If one is scientific, hair is dead epidermis. I'm sure we love it though, for its many mysterious properties, as well as looking hot.
I wouldn't go so far as to call these things theories. Anecdotes, maybe. Historical evidence of faith and how it affects culture, sure. But theories? Nope.
"But the back seat of the drive-in is so lonely without you"
If one is scientific, hair is dead epidermis. I'm sure we love it though, for its many mysterious properties, as well as looking hot.
Maybe. I hate it when people say "hair is dead". Mine is growing and thus living; it most certainly is NOT dead.

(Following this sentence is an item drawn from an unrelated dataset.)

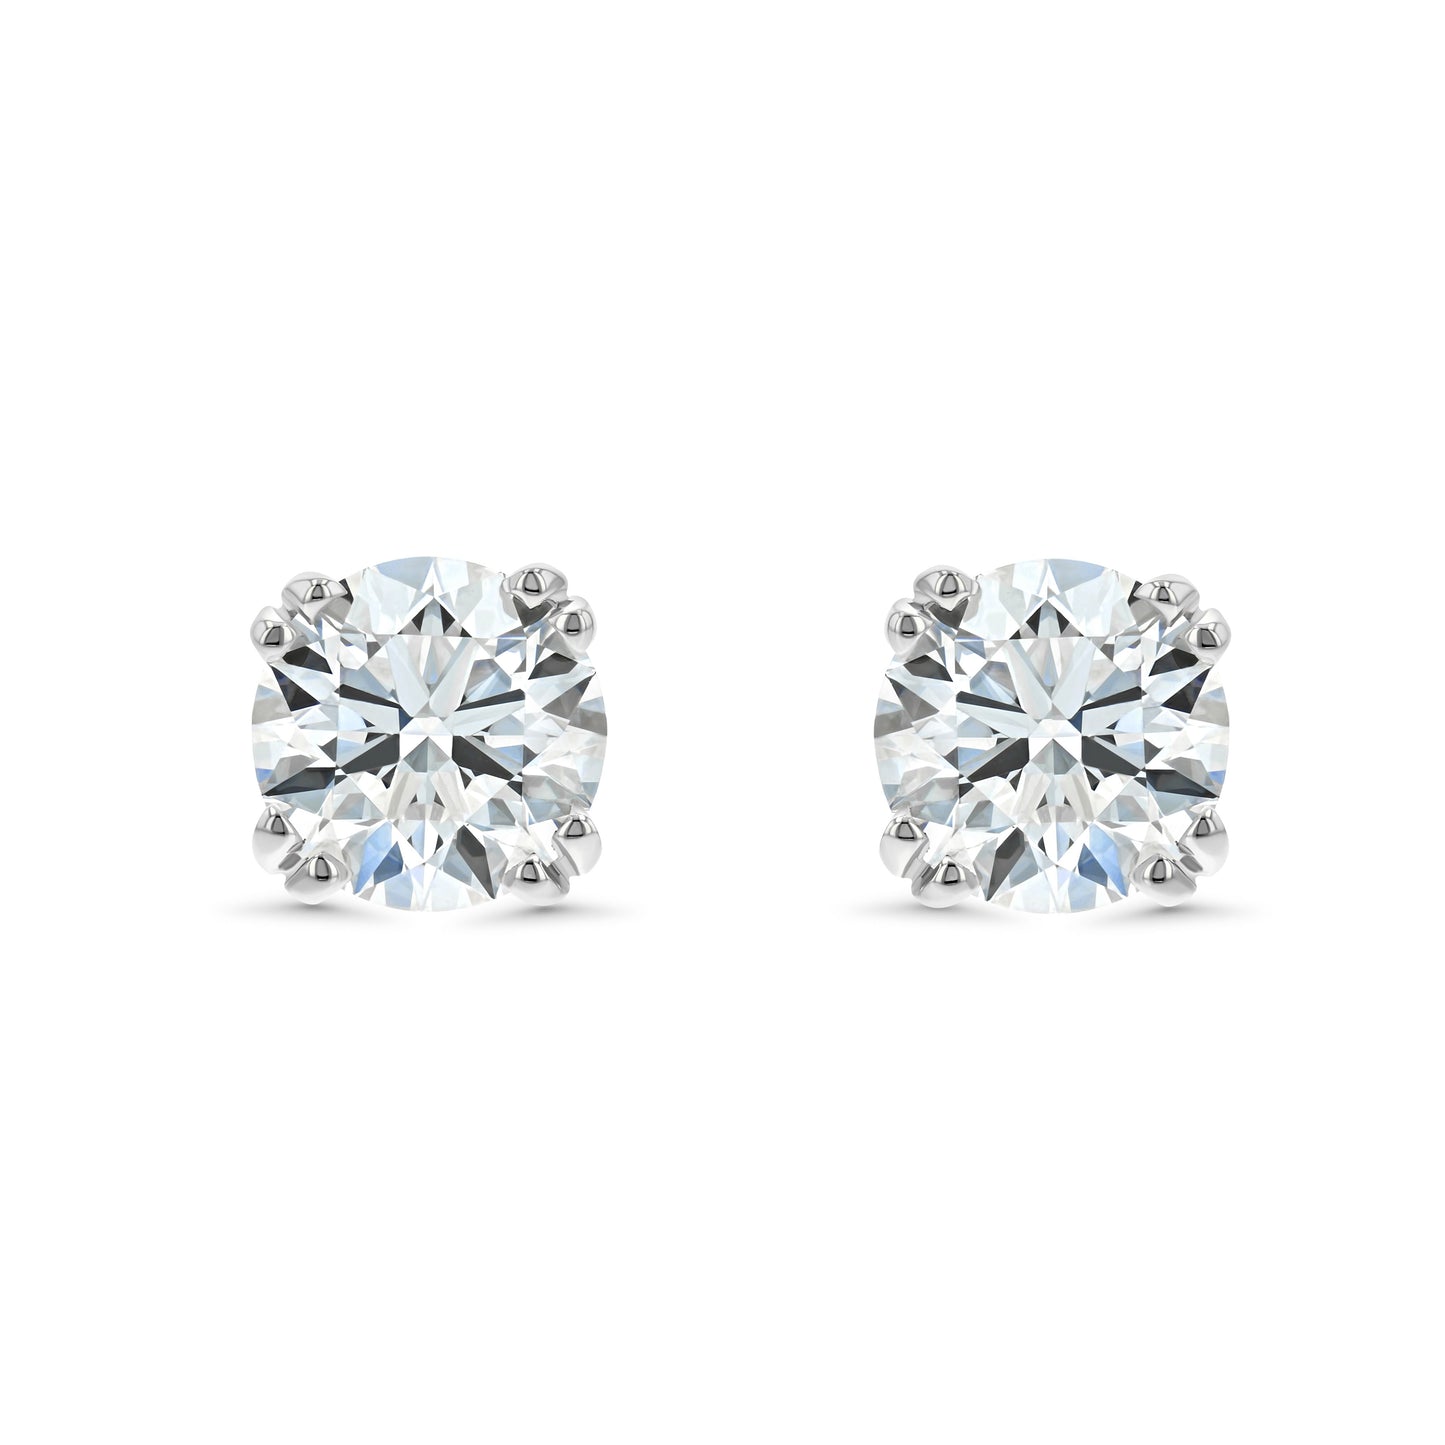 14k White Gold Double Prong Round Diamond Stud Earrings 1ctw (5.2mm Ea), H Color, Si3-i1 Clarity

The first link is to a Sikh website- the men have a religious injunction against cutting their hair, ever. So I think it's perfectly natural for them to attribute certain religious qualities to their hair when it is a spiritual discipline for them. (from my Anth of Religion class, Sikhism started as a blend of Hindu and Muslim ideology and eventually became its' own religion, and I believe one of the markers of the faith was having a special comb, called a Kanga)
The second one was kinda New-Agey for me, and I tend to get worried about anyone who draws such broad conclusions, esp. for groups like the Picts or Neanderthals about whom we have fairly little information. Plus, anything that says "Native Americans" kinda freaks me out, since my Native Cultures class where we talked about how specific clans were the "longhairs" and others were not, and often specific people like married women would cut their hair or wear it a special way. Native Americans are not a group that can be described in such universal terms, so I find myself wondering what else the article gets wrong.
I suspect that long hair is more common amoungst intuitive/spiritual people because they have a greater tendency to see below the surface, therefore spent less time 'individualising' the surface. Society teaches us (with varying degreess of success) to look to the superficial details. For those who do, they spend a lot of time tending to and honing those details.
Unicorn
I was looking at an article which gave me the idea for posting this, but I can't seem to find it a man named Yogi Bhajan (or something like that) went into depth about hair, what it does, and how it effects a person.